Type of program: Heritage Language; Immersion; Bilingual; Exploratory; After-school

Program origin: The first after-school programs opened in September 2006. EFNY was founded as a not-for-profit organization made of French-speaking parents whose children attend New York City Public Schools.

Parents’ expectations for the program: EFNY is an affordable program teaching French speaking children reading, writing, grammar and aspects of French-speaking cultures. Socialization in French is also crucial for children to maintain their culture.

Comments: Language and culture can only be maintained within a social structure. In addition to grammar skills, children need to play, laugh, and argue with French-speaking friends. This is why EFNY promotes the creation of a bilingual public school.


Students: First-generation immigrants 2%; Second-generation immigrants 90%; Children of interethnic marriages

Countries of origin: France; West and North African countries; Belgium; Switzerland; Quebec

Total student enrollment: 120

How the program identifies heritage speakers: Any child who speaks French fluently and knows how to read in English can enroll. We also have classes for young (pre-reading) French speakers and for Anglophones.

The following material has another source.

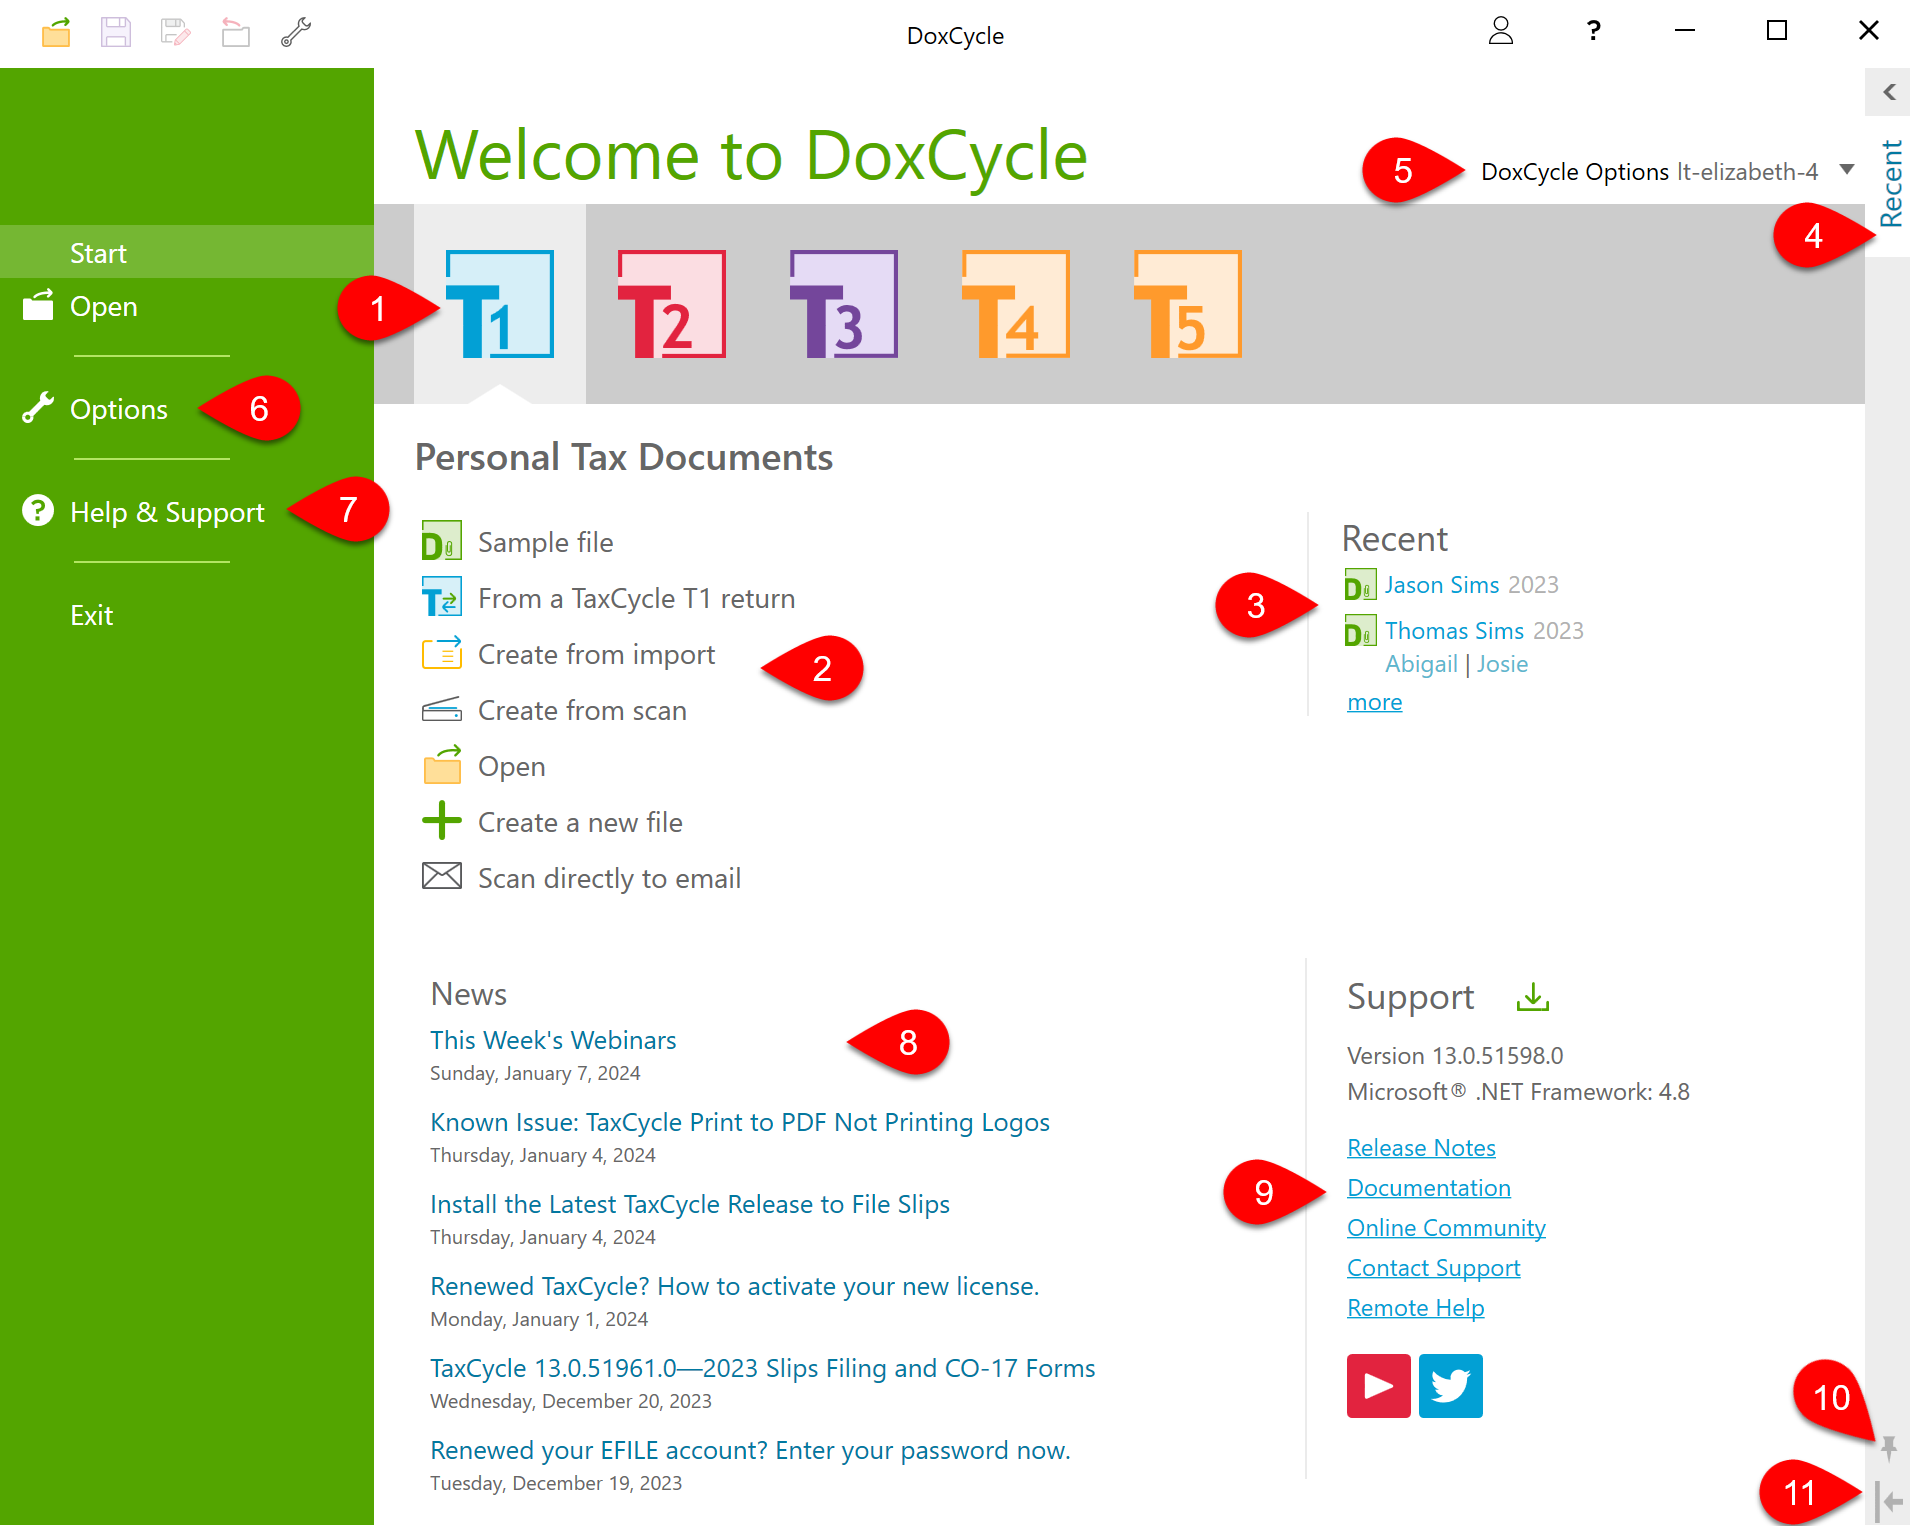 Screen Capture: DoxCycle Start Screen

How the program determines the language background and language proficiency of students: We use home language surveys. We trust the parents when they say their child is fluent. If a student turns out to have difficulty, we suggest a French as a second language class.

Percentage of students who complete the program: 98%

Percentage of students who continue to study the heritage language after completing the program: It is too early in the program’s history to determine. There is no structure allowing the continuation of the students’ French studies.

Possible reasons for student withdrawal: Six hours of French a week may be a lot for some young children, especially if they have several other activities. Another possible reason is academic difficulties.

Students’ attitudes toward the language varieties they speak: There is some resistance at the beginning. Real fluency and interest come very quickly, as our programs are very playful and include recreation time.


Number of instructors in the program: 12

Languages in which instructors are proficient: French; English

Proficiency level: English is their second language.

Credentials: Teachers have French teacher certification with a BA degree for French as a second language. They are native speakers with elementary school training in a French speaking country. They must also have experience teaching French to young children, training in language teaching, early education, psychology, arts, music, or social work.

Professional development opportunities for instructors: We encourage teachers to become certified in New York State to be able to teach in dual language programs.


Total contact hours per week: 3-6 hours

Times per week: 1 or 2 days

Student grouping: By age and language level

Language skills

English skills: Listening; Speaking; Reading; Writing

Heritage language skills: Listening; Speaking; Reading; Writing; Playing and thinking spontaneously in French

Levels of language proficiency reached by the end of the program: French speakers learn reading and writing as well as proper grammar. Anglophones learn basic language skills and understanding. Young French speakers enrich their vocabulary and begin sounding out words.


Aspects of culture taught: History; Customs; Folktales; Songs; Rhymes; Social and cultural norms; Literature

Kind of student identity fostered by program: Multiculturalism


Methodologies and instructional strategies used in the program: Playful instructions; Interaction; Games


Comments: Teachers use a combination of materials that they think is appropriate to the group.

Insights and Future Directions

Insights to share with others: The only way for a child to remain bilingual is to be schooled in a bilingual and bicultural school. That is why EFNY is developing a proposal for such a school within the public school system. In the case of French, the difference between knowing the language orally and knowing how to write it is considerable. Only children who are schooled in French will be able to write in French fluently.